• _WORK INSTRUCTIONS_
Here the job is to transcribe only the lines from the one containing "Primo fattore di" through the last line below, exactly as written; please leave out pictures.

• _DATA SHOWN_

▼

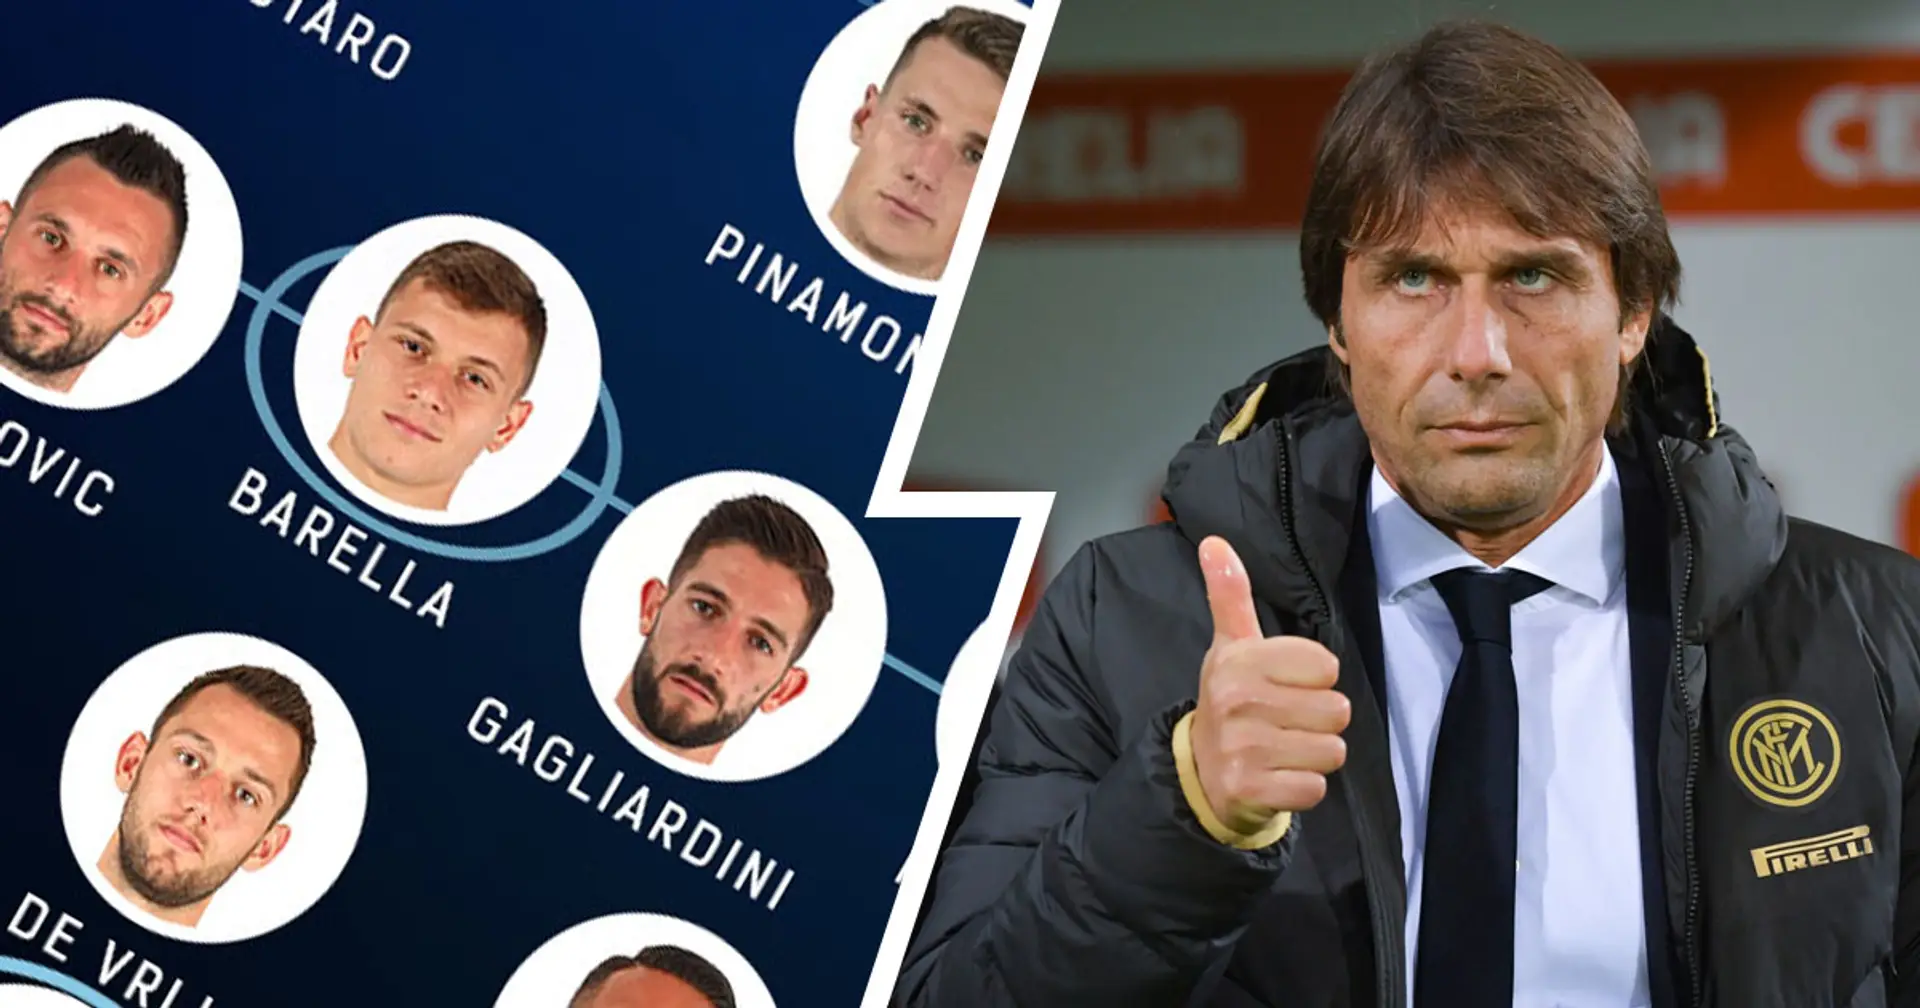 Le probabili formazioni di Inter-Parma: possibile un ampio turnover per Conte, torna Gagliardini, davanti c'è Pinamonti
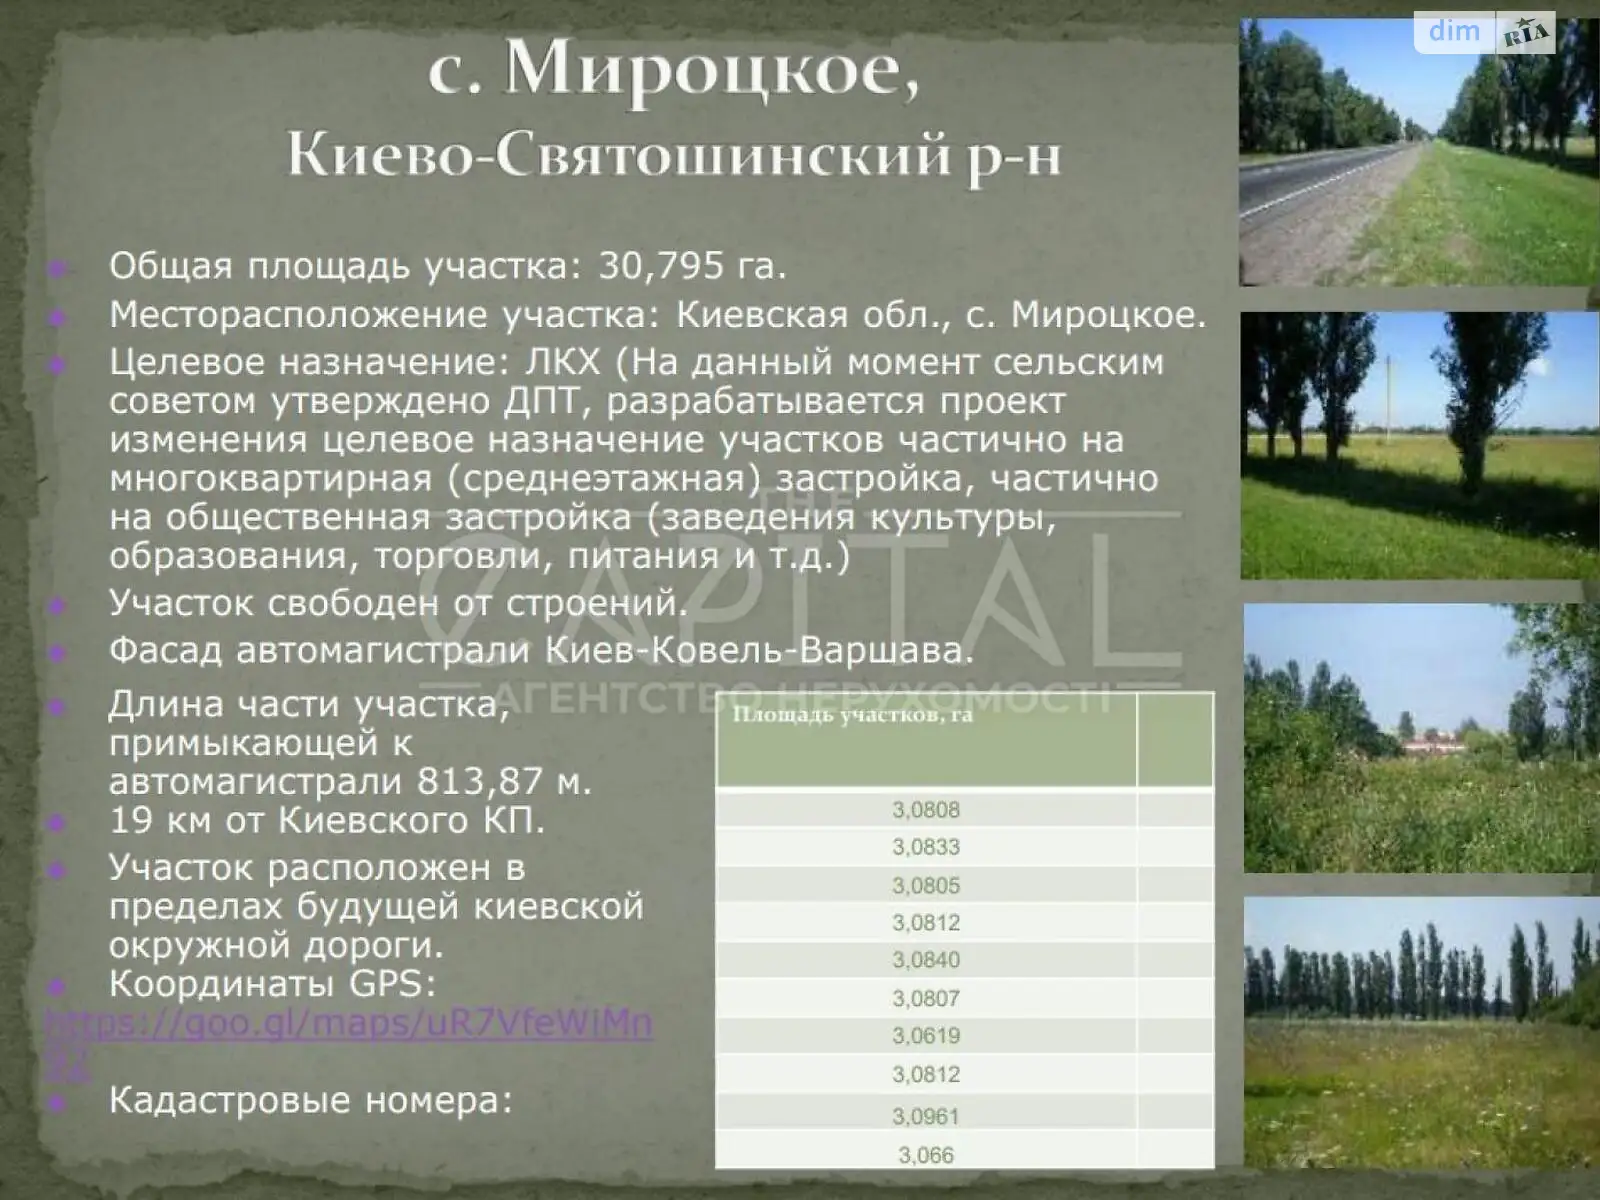 Продается земельный участок 2773 соток в Киевской области, цена: 3882200 $ - фото 1
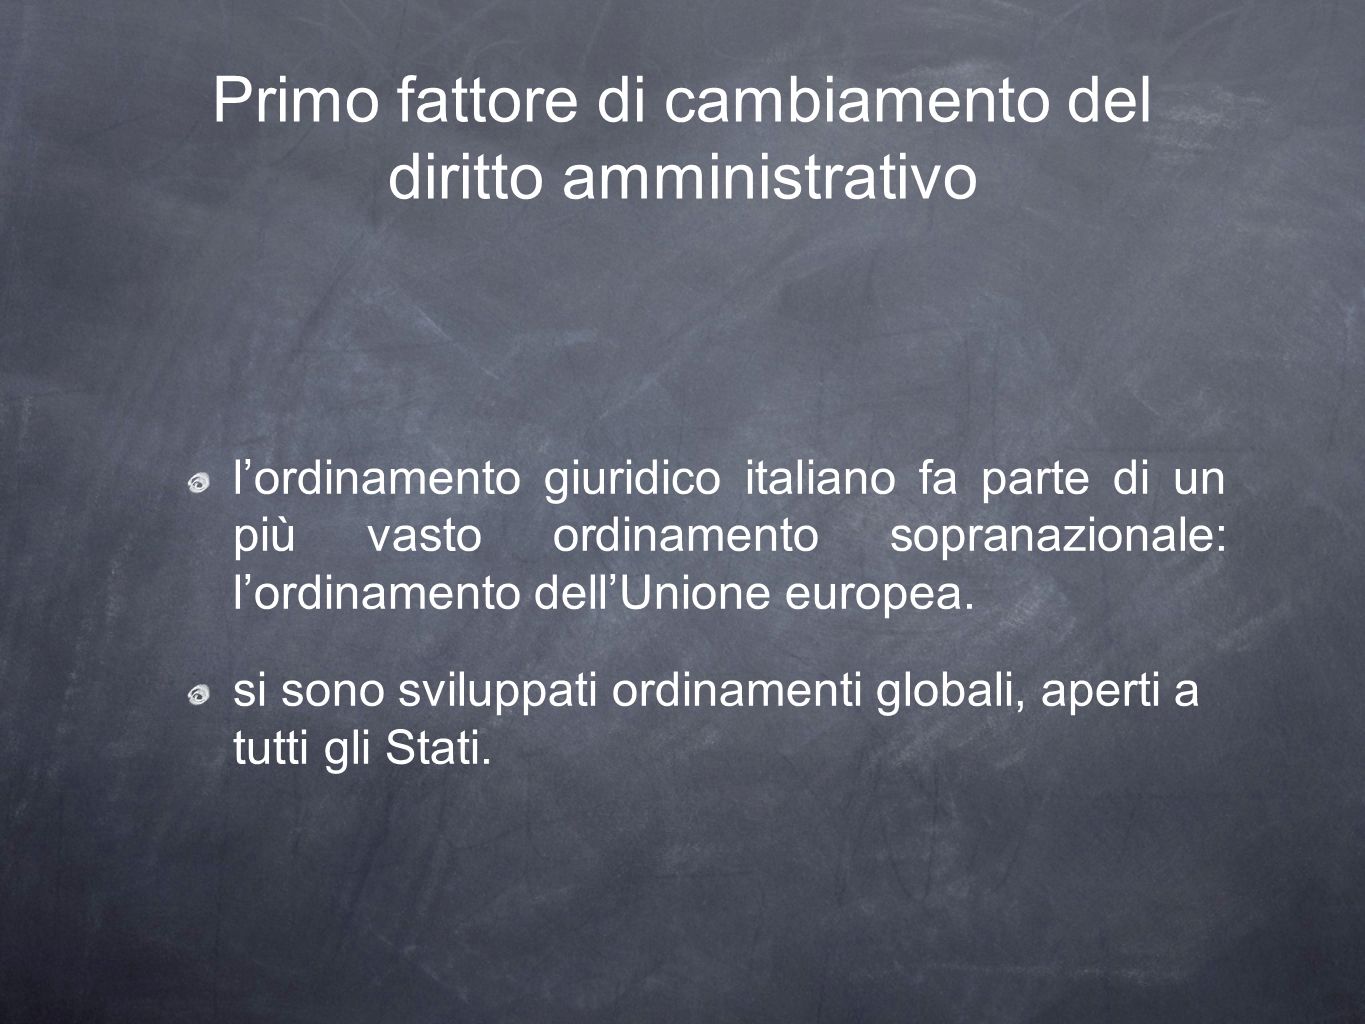 Primo fattore di cambiamento del diritto amministrativo lordinamento giuridico italiano fa parte di un più vasto ordinamento sopranazionale: lordinamento dellUnione europea.
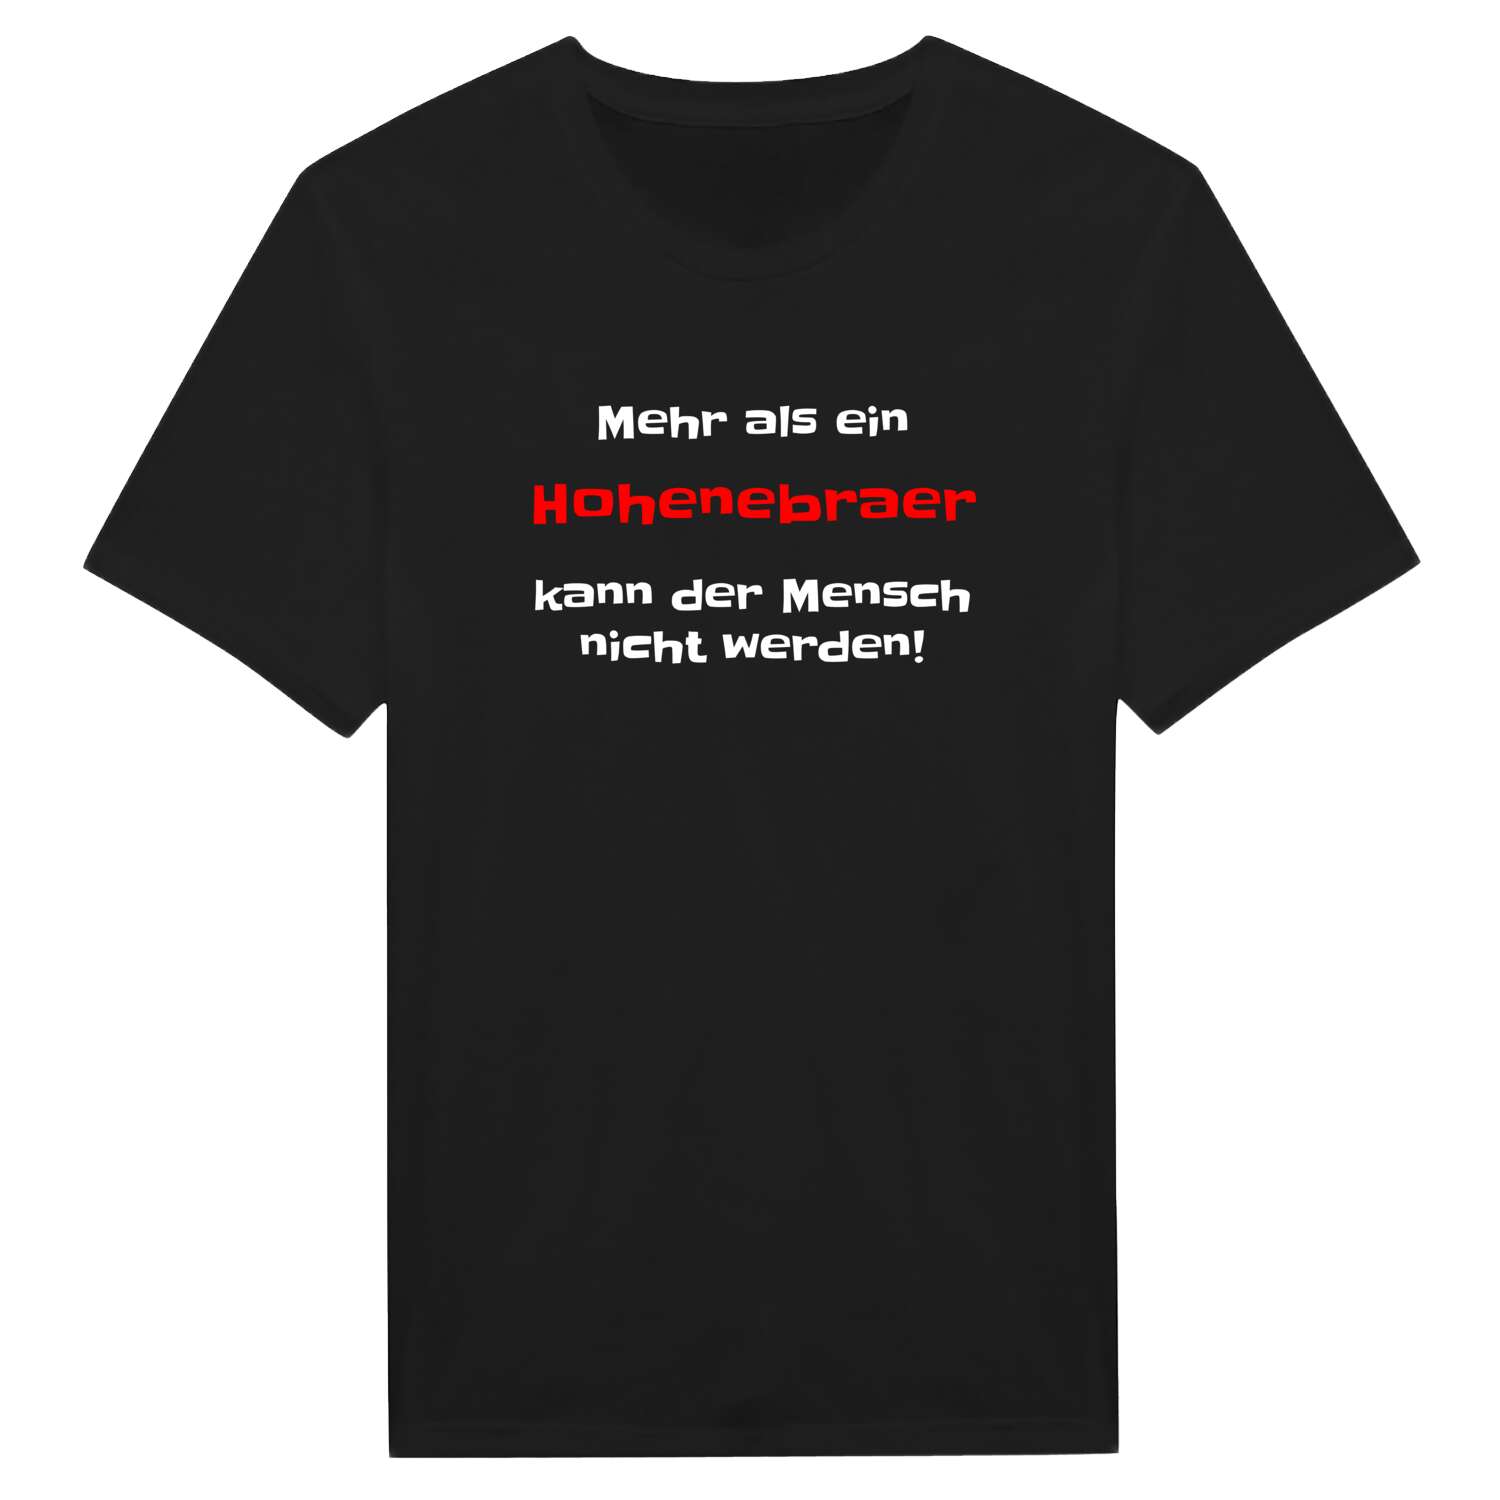 Hohenebra T-Shirt »Mehr als ein«

▲

• _REPLY_
 Primo fattore di cambiamento del diritto amministrativo lordinamento giuridico italiano fa parte di un più vasto ordinamento sopranazionale: lordinamento dellUnione europea.
 Hohenebra T-Shirt »Mehr als ein«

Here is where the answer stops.